Im Mittelpunkt der Auftaktveranstaltung des 17. internationalen Literaturfestes „Poetische Quellen“ stand das Oratorium „La catastrofa“ von Etta Scollo, die auch selbst mit Sologesang und Gitarrenspiel mitwirkte. Michael Scholz, künstlerischer Leiter des Literaturfestes, hatte die Veranstaltung in Zusammenarbeit mit dem Kulturreferat „KuK“ des Kirchenkreises Vlotho organisiert.
„Wir haben die Ehre, den Autor, dessen Werk dem Oratorium zugrunde liegt, zu Gast zu haben“, sagte Kulturpfarrer Hartmut Birkelbach in seiner Begrüßung. Moderator Jürgen Keimer, „die Stimme der Poetischen Quellen, über die wir uns jedes Jahr wieder von Herzen freuen“, so Hartmut Birkelbach, sprach mit Autor und Kulturjournalist Paolo Di Stefano über sein Werk.
„Ich muss gestehen, normalerweise lese ich alle Bücher, über die ich spreche. Doch dieses ist noch nicht übersetzt worden. Das Oratorium gibt aber die Essenz des Werkes wieder“, sagte Jürgen Keimer und fragte den Autor, was ihn bewogen habe, das Buch zu schreiben. „Zum 50. Jahrestag der Bergbaukatastrophe war ich für eine andere Reportage im belgischen Marcinelle. Ich war beeindruckt, als Überlebende und Angehörige Erinnerungen an das Unglück erzählten. Es war die erste große Katastrophe der italienischen Republik. Da es bisher keine Literatur darüber gab, beschloss ich, zu recherchieren und Originaltöne zu sammeln.“ Kurz nach dem zweiten Weltkrieg machten sich viele Freiwillige auf den Weg, um in belgischen Bergwerken zu arbeiten, gelockt mit falschen Versprechungen von sicherer Arbeit.
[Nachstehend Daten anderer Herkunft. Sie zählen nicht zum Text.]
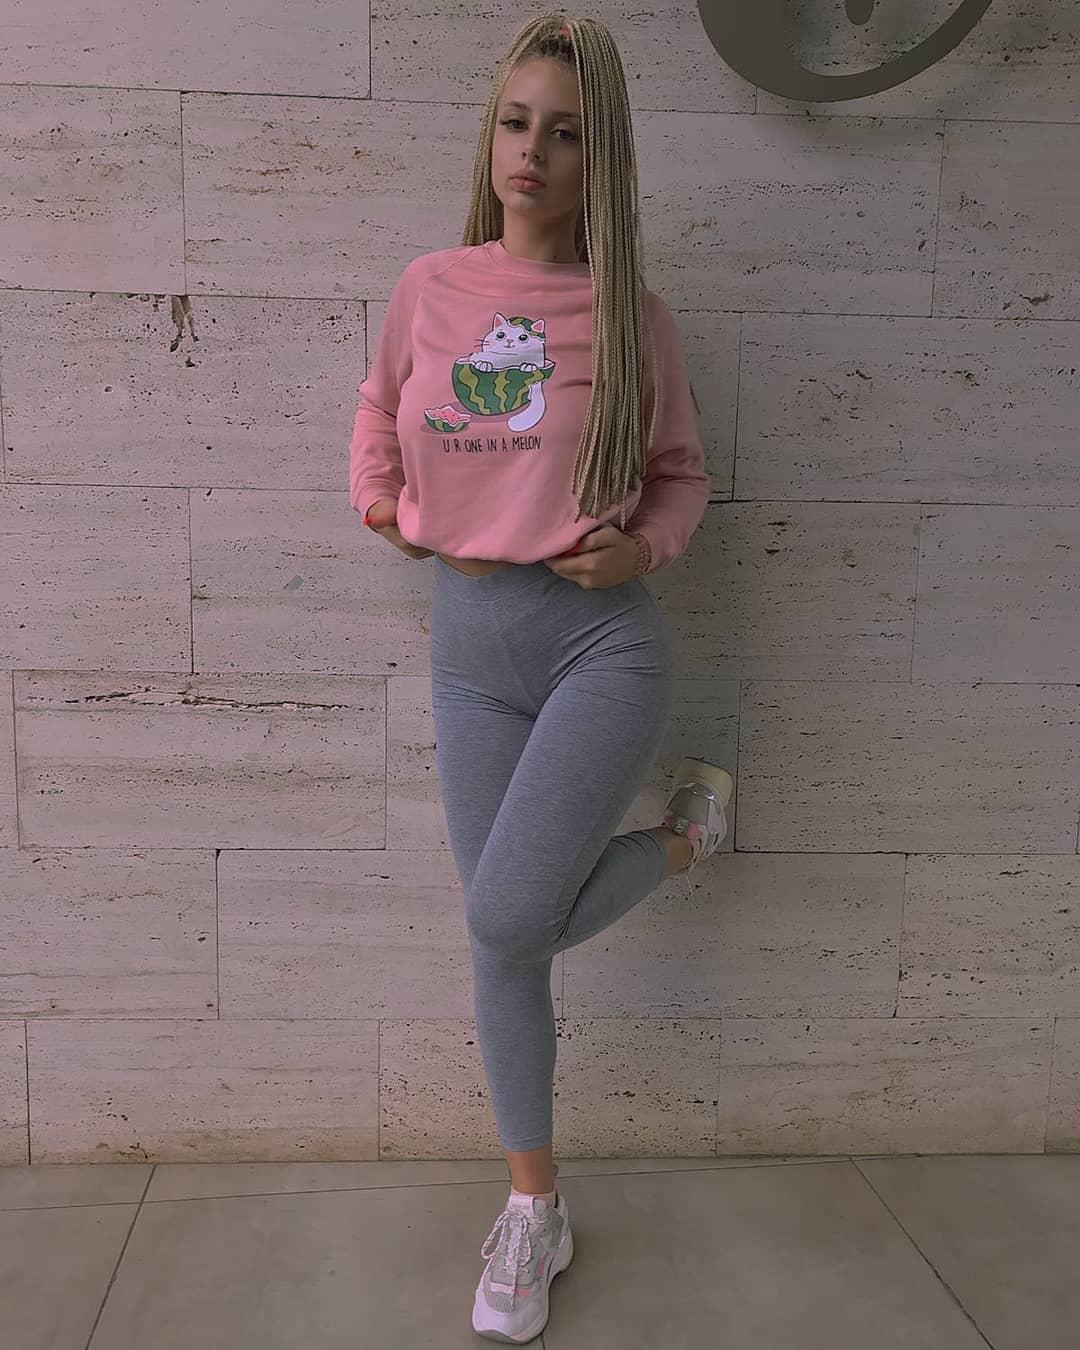 Jana-Zivkovic-Wallpapers-Insta-Fit-Bio-7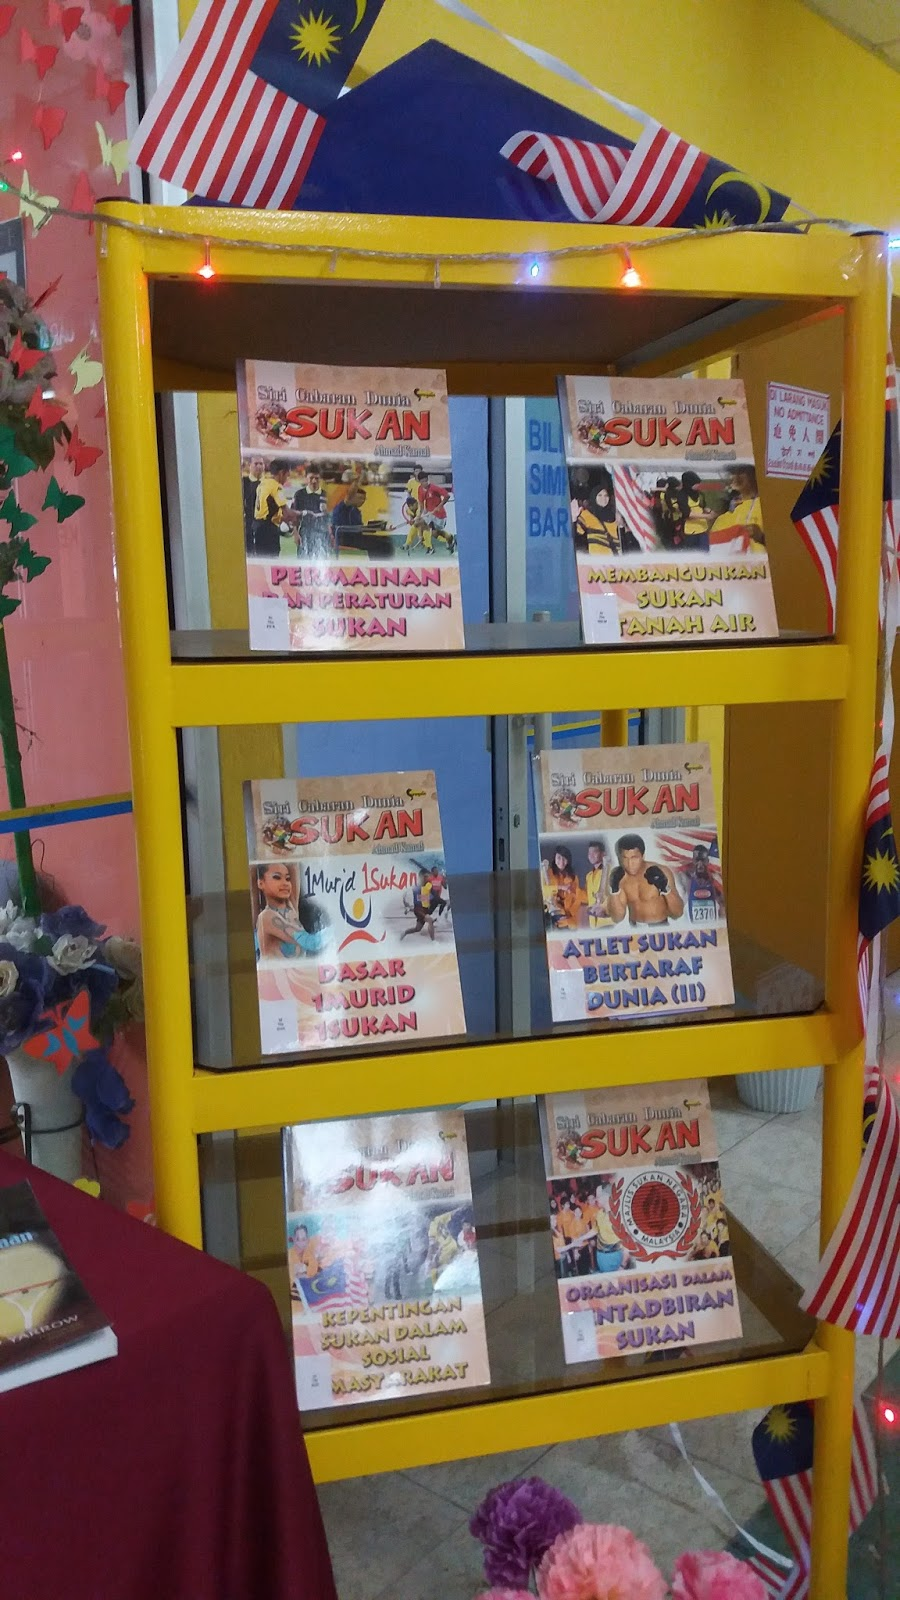 Macam Macam Pameran : macam, pameran, Perpustakaan, Perlis, Cawangan, Simpang, Empar:, Pameran, Bahan, Sukan

Im Gegenzug der staatlichen Vereinbarung erhielt Italien Kohlelieferungen aus Belgien.
„Die Musik all dieser unterschiedlichen Stimmen aufzuschreiben, was sie sagten und wie sie es sagten, war eine schöne und zugleich schwierige Arbeit“, so der Autor über seinen Wahrheitsroman. „Alles ist authentisch, nichts erfunden.“ Mit dem Abdruck der alten Prozessakten möchte er auch an die falsche Justiz erinnern. „Beim Prozess kamen die Verantwortlichen mit der Mindeststrafe davon“, so Paolo Di Stefano. „Italien ist heute ein reiches Land. Doch die Thematik der Arbeitsmigration ist nach wie vor international aktuell.“
Mit den Worten „Ein Warentausch. Männer gegen Kohle“ begann nach der Pause das Oratorium. Gesungen wurde auf Italienisch, die Übersetzungen der Texte an eine Leinwand projiziert. Während der Aufführung hätte man im Kirchraum eine Stecknadel fallen hören können, so gebannt waren die Zuhörer. Ergreifend waren die Worte des Sprechers Udo Samel, der die Geschichte des Unglücks erzählte. Ergreifend auch die Stimme von Etta Scollo, die sich selbst auf der Gitarre begleitete, und mit mal frohen, hoffnungsvollen, dann wieder melancholischen Melodien vom alltäglichen Leben in Marcinelle sang. Eva Freitag am Violoncello und Cathrin Pfeifer am Akkordeon komplettierten das Instrumentaltrio. Eigens für die Aufführung hatte sich einige heimische Sänger zum Projektchor „La Gioia“ zusammengefunden. Unter der Leitung von Christiane Schmidt sorgten auch sie für Gänsehautmomente bei den Zuhörern. Mit lang anhaltendem Applaus würdigten sie nach dem Ende des Oratorium die Leistung der Mitwirkenden.
Im Gespräch: Moderator Jürgen Keimer (li.) unterhielt sich mit Paolo Di Stefano über sein Werk. Annette Kopetzki übersetzte.
Etta Scollo (Mitte), Udo Samel und alle weiteren Mitwirkenden freuen sich über den Applaus des Publikums.